Professor Ed Smith portrays ‘Dissenter’ John Marshall Harlan, Black History Month presentation

GEORGETOWN, KY – As part of Georgetown College’s Celebration of Black History Month, Dr. Ed Smith, Ph.D., performs as Boyle County native John Marshall Harlan, the Great Dissenter (1833-1911), on Tuesday, February 26, 7 p.m., in the Ward Room of the Ensor Learning Resource Center. It is a Kentucky Chautauqua Performance, open to the public, free of charge. Professor Smith Chairs the Department of Theatre & Performance Studies.

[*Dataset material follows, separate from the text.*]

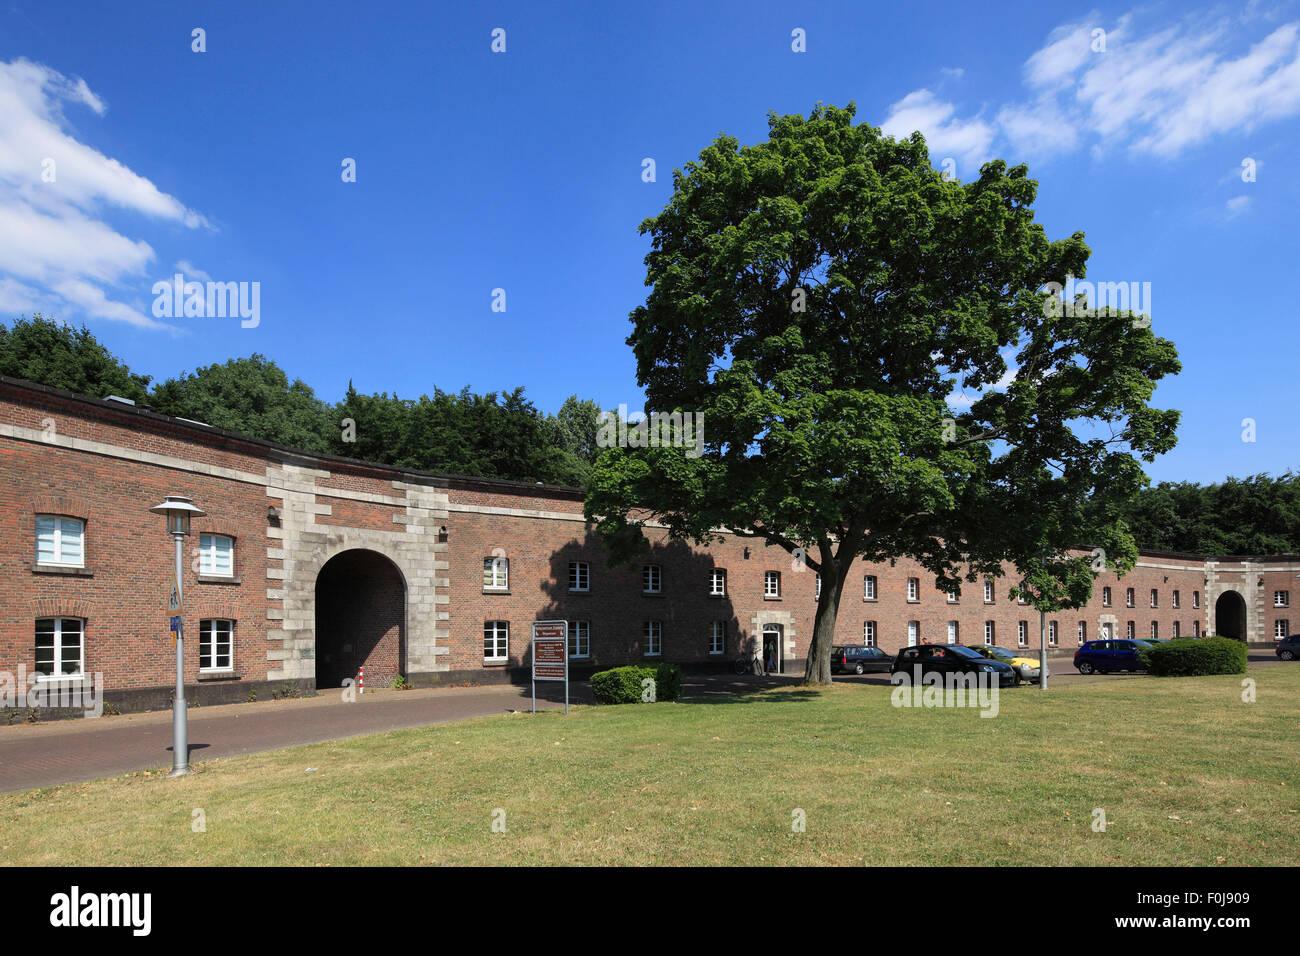 D-Wesel, Rhine, Lower Rhine, Rhineland, North Rhine-Westphalia, NRW, fortress city, garrison town, Citadel Wesel, - Stock Image

During his 33-year tenure as an associate justice on the U.S. Supreme Court, Justice Harlan dissented in some of the Court’s most important civil rights cases, earning him the aforementioned title. In one of the most famous dissents in the history of the Court, Plessy v. Ferguson, which upheld the constitutionality of segregation, Harlan wrote: “Our constitution is color-blind, and neither knows or tolerates classes among citizens. In respect of civil rights, all citizens are equal before the law.”

His words were an inspiration during the Civil Rights Movement to Thurgood Marshall, NAACP chief counsel who would later be appointed to the Supreme Court. Marshall cited the dissent as he argued to end segregation in the 1954 case Brown v. Board of Education.

Though Harlan was born in Boyle County to a prominent slaveholding family, and was once a slaveholder himself, he fought for the Union during the Civil War after graduating from Centre College and earning his law degree at Transylvania. As he became involved in Kentucky politics – being elected County Judge of Franklin and Kentucky Attorney General, and running two unsuccessful campaigns for governor in the early 1870s – his political leanings shifted, and he became a major force in the Republican Party.

Harlan was often chastised for contradicting himself politically, being once a slaveholder and later one of slavery’s biggest opponents. But he always maintained that the law afforded him the right to change his mind – and his support for equal rights after the Civil War never waned.